INSTRUCTIONS TO FOLLOW: Copy the data exactly. Images are the one exception.

DATA:
════════════════

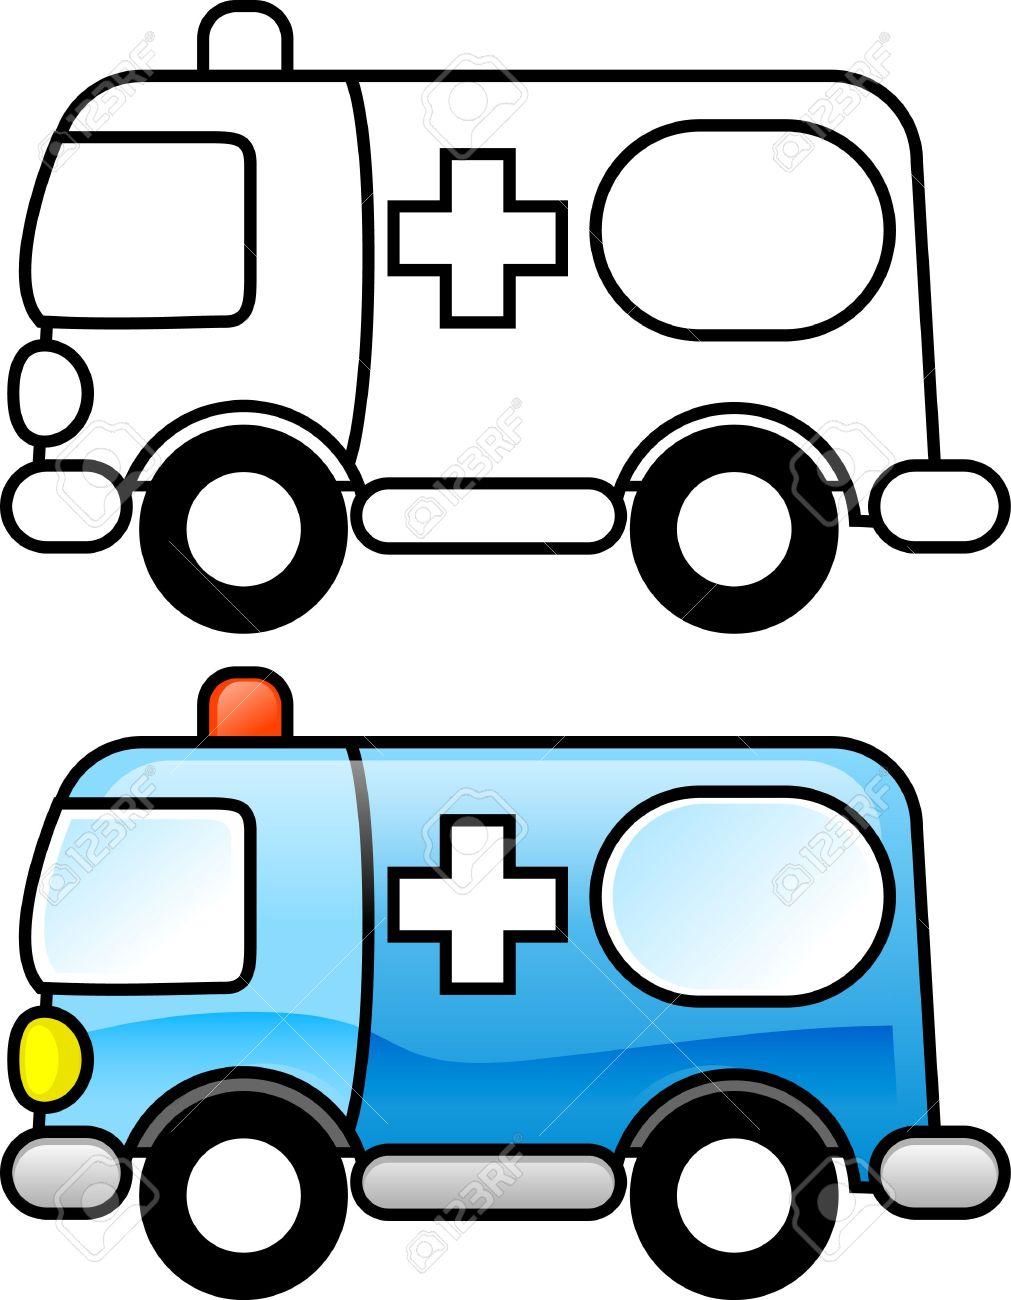 Ambulancias - Para Imprimir La Página Para Colorear Para Los Niños O ...
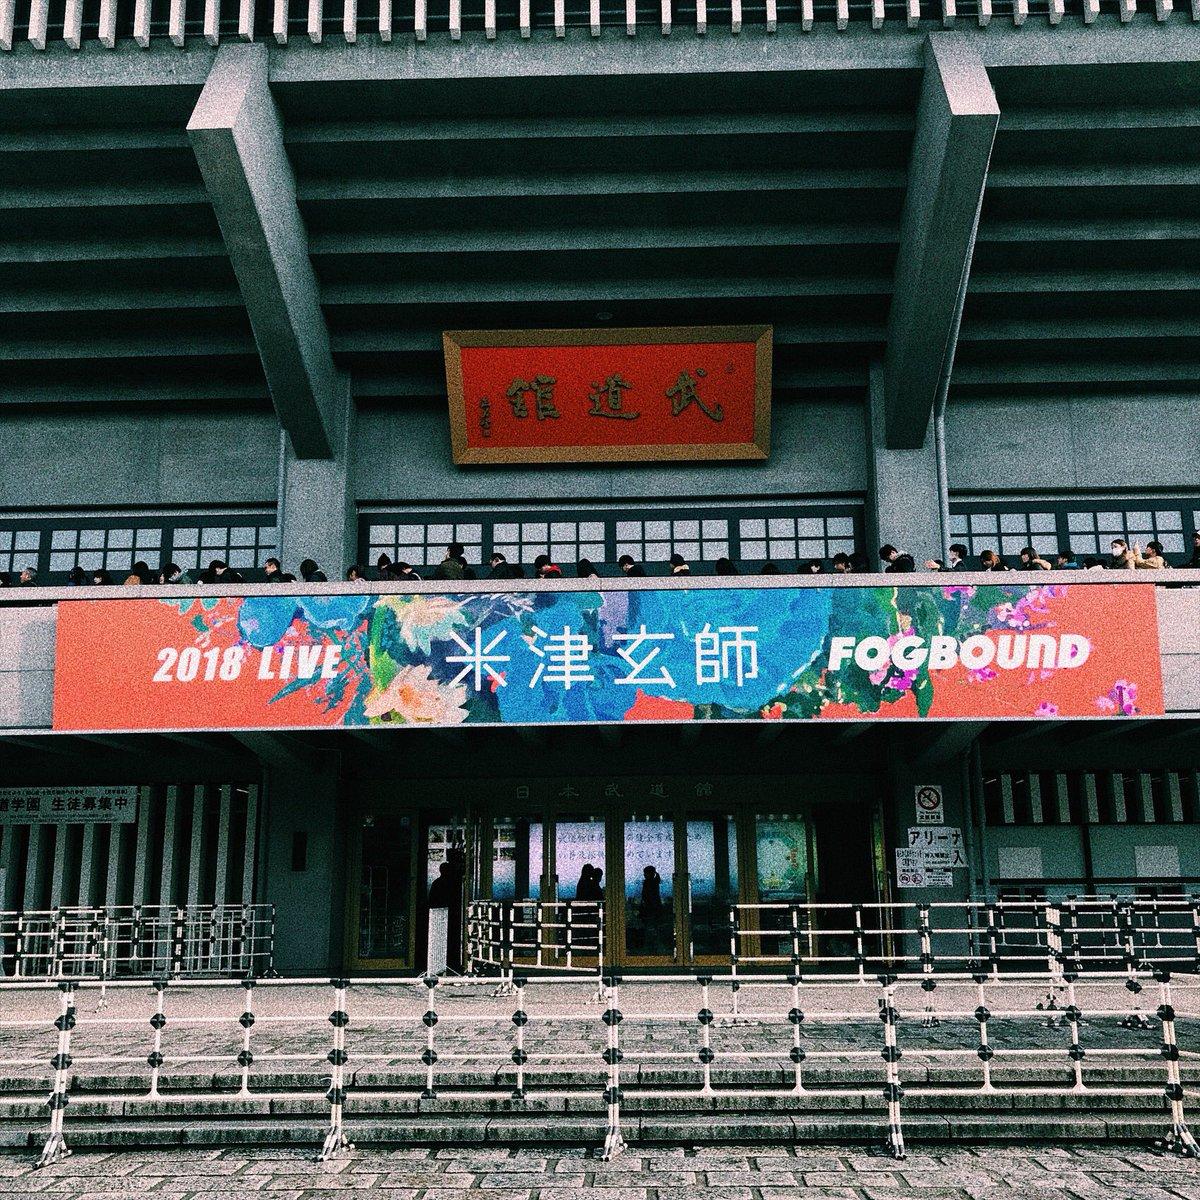 米津玄師 2017-2018 TOUR / Fogbound 1/10武道館をもって、無事に完走する事が出来ました。各地ひとりひとりの思いをバトンするように繋いでいき、最高のファイナルを迎える事ができたと思っています。ツアー初日にリリースとなったアルバム「BOOTLEG」共々ありがとうございました!!!
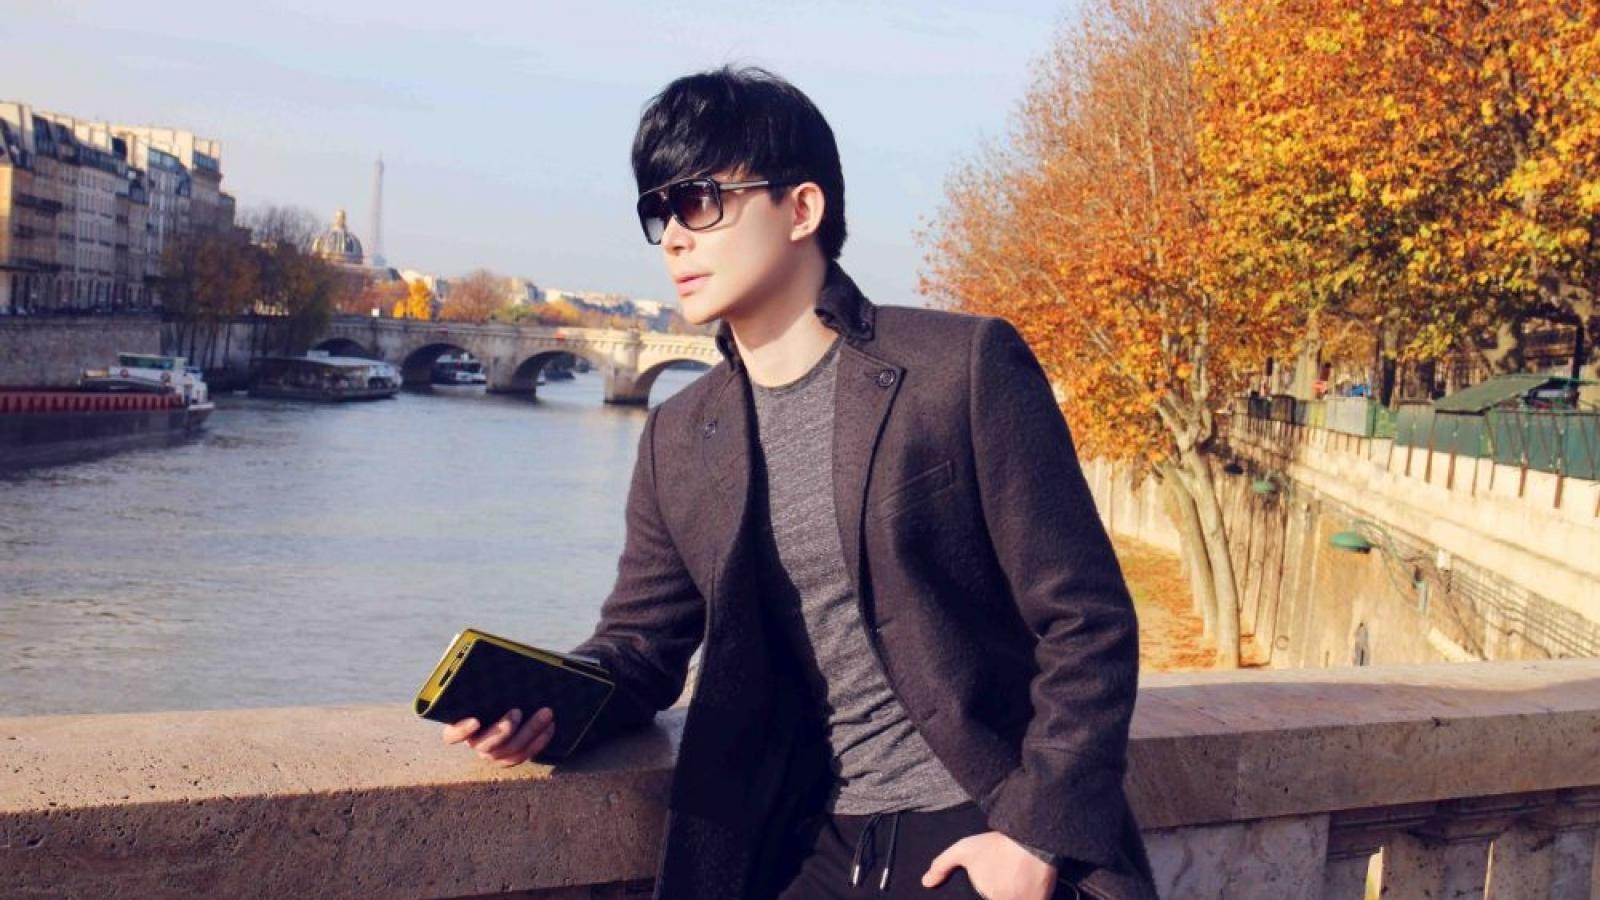 Nathan Lee bất ngờ hủy chuyến bay Pháp để ở lại Việt Nam

════════════════

REPLY TO THE TASK:
 Ambulancias - Para Imprimir La Página Para Colorear Para Los Niños O ...
 米津玄師 2017-2018 TOUR / Fogbound 1/10武道館をもって、無事に完走する事が出来ました。各地ひとりひとりの思いをバトンするように繋いでいき、最高のファイナルを迎える事ができたと思っています。ツアー初日にリリースとなったアルバム「BOOTLEG」共々ありがとうございました!!!
 Nathan Lee bất ngờ hủy chuyến bay Pháp để ở lại Việt Nam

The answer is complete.